In other words, when the end boom B3 is given a dimension that exhibits a desired strength, the intermediate boom B2 and the base end boom B1 do not have to be enlarged more than necessary, so that the weight of the boom can be reduced.

  The welding method of the present invention can be applied without being restricted by the structure of the boom. For example, the present invention can be applied to the following boom in addition to a boom having a curved cross section having a curved lower portion as shown in FIG.

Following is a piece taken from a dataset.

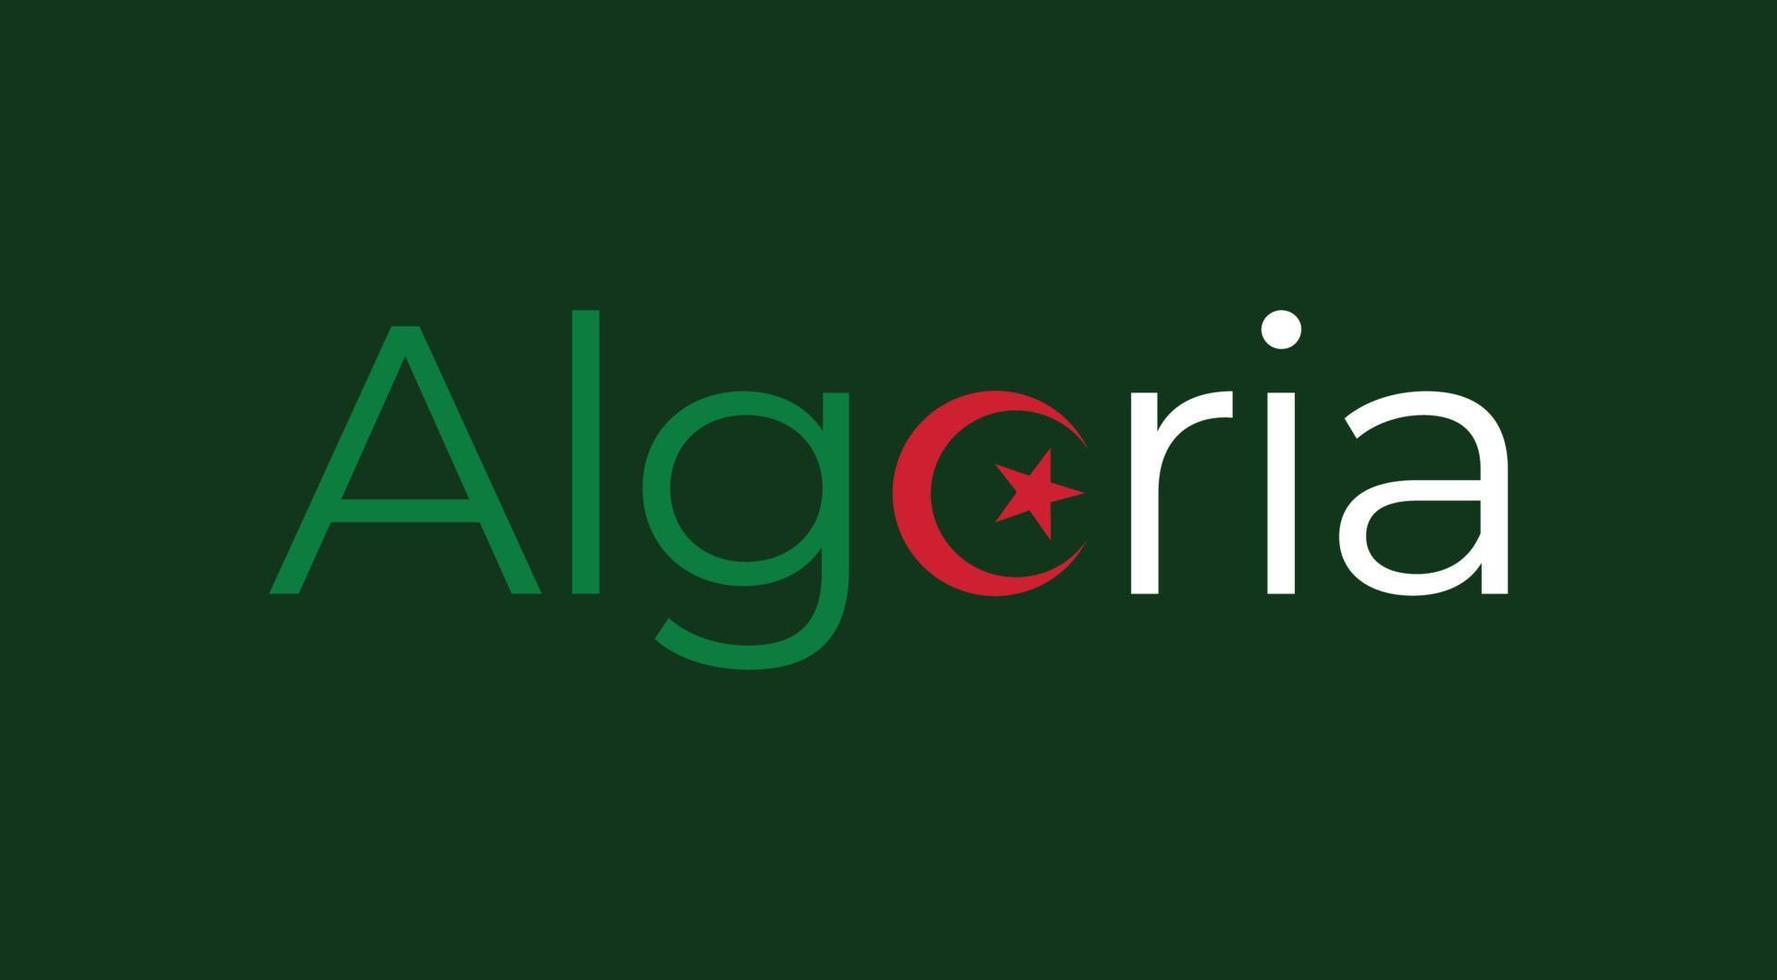 conception de typographie de l'algerie vecteur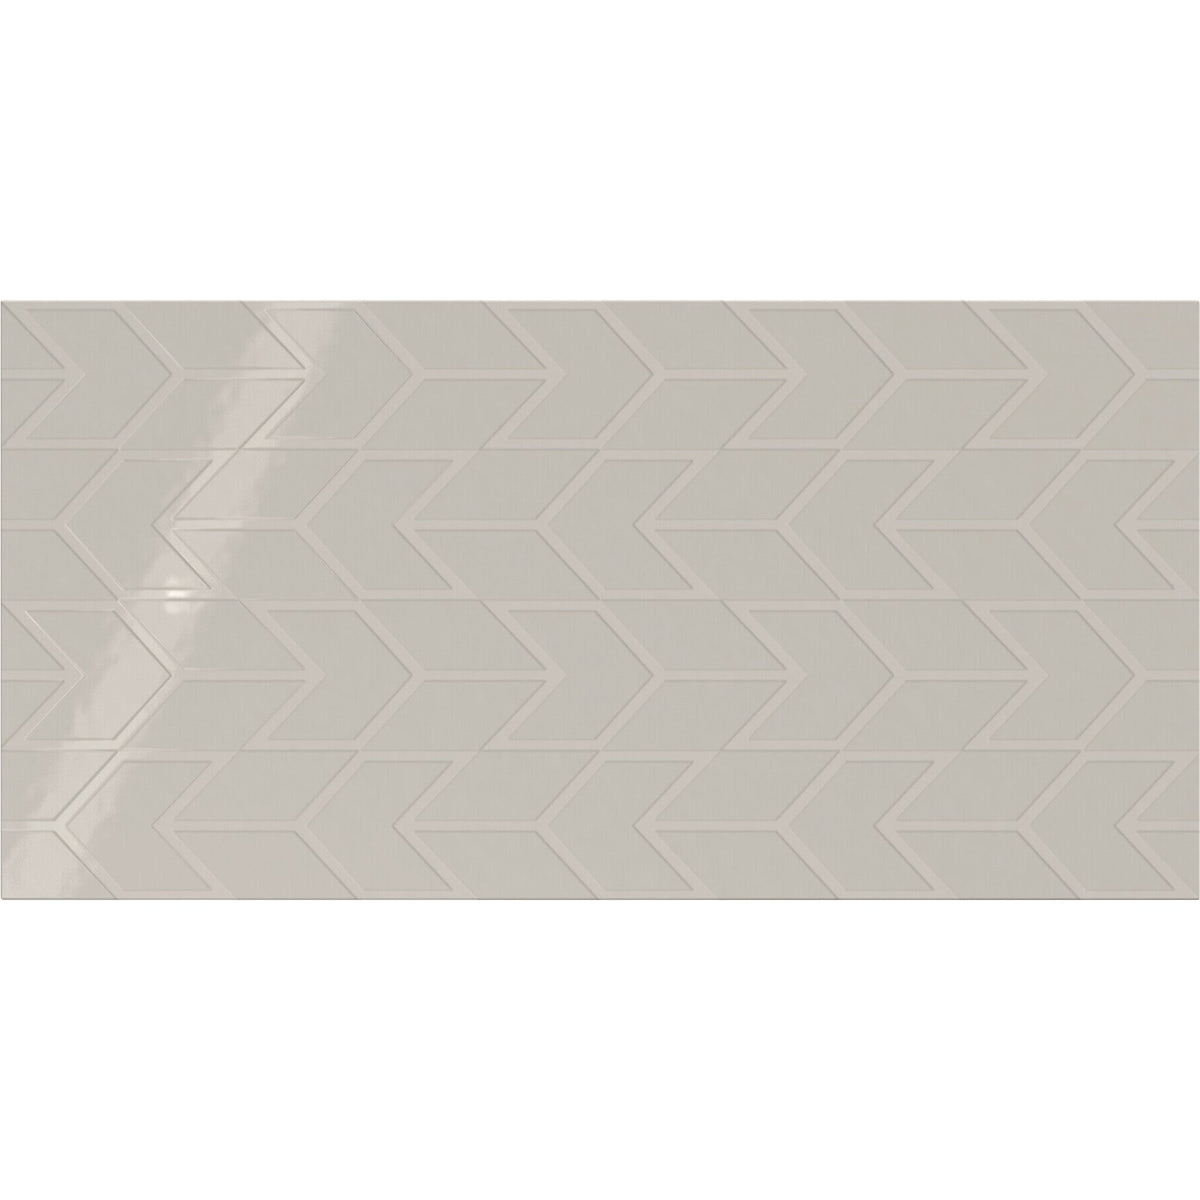 Daltile - Showscape - 12 in. x 24 in. Chevron Glazed Ceramic Wall Tile - Soft Gray

(1) A boom having a square cross section, which is welded by four corner joints using an upper plate, a lower plate, and two side plates while the steel plate remains flat. Or a polygonal boom of pentagon or more using five or more steel plates.
(2) A boom having a square cross section in which both edges of a long steel plate are bent into a U-shaped cross section, and an upper steel plate and a lower steel plate having such a cross-sectional shape are welded by two butt joints.
(3) A boom in which the upper steel plate 1 of the boom has a U-shaped cross section, but the lower steel plate 2 is bent at an obtuse angle to form a polygon such as a pentagon as a whole.

The welding method of the present invention can also be applied to the production of the steel plate itself, which is a constituent member of the boom.
FIG. 5A shows an example in which the upper steel plate 1 is welded by abutting the narrow steel plates 1a and 1b, and the upper steel plate widened by welding is bent to form a boom component. Is shown.
FIG. 5B shows an example in which a reinforcing steel plate 2c is inserted between two bent steel plates 2a and 2b and welded to produce a lower steel plate 2 to form a boom constituent member.

  The boom constituent members to which the hybrid welding method of the present invention can be applied have been described above. However, the hybrid welding method of the present invention is not limited to this, and any method can be used as long as a boom is manufactured by welding steel plates. Even if it is a various form, it is applicable.

1 Upper steel plate 2 Steel plate A Welding machine a1 Arc welding a2 Hot wire welding H Hybrid welding R Laser welding

Claims (6)

A boom formed by welding a plurality of steel plates into a cylindrical section,
A boom characterized in that the butt joints between the edges of the steel plates are welded by hybrid welding consisting of a welding method using a filler metal and laser welding.   The boom according to claim 1, wherein the hybrid welding is preceded by a welding method using the filler material and laser welding is followed. The boom according to claim 1 or 2, wherein the welding method using the filler metal is arc welding or hot wire supply welding. A welding method for producing a boom having a cylindrical cross section by welding a plurality of steel plates,
A boom welding method, characterized in that end edges of steel plates are butt-joined and welded using hybrid welding consisting of a welding method using a filler metal and laser welding. 5. The boom welding method according to claim 4, wherein the hybrid welding is preceded by a welding method using the filler metal and followed by a laser welding method. 6. The boom welding method according to claim 4, wherein the welding method using the filler material is arc welding or hot wire supply welding.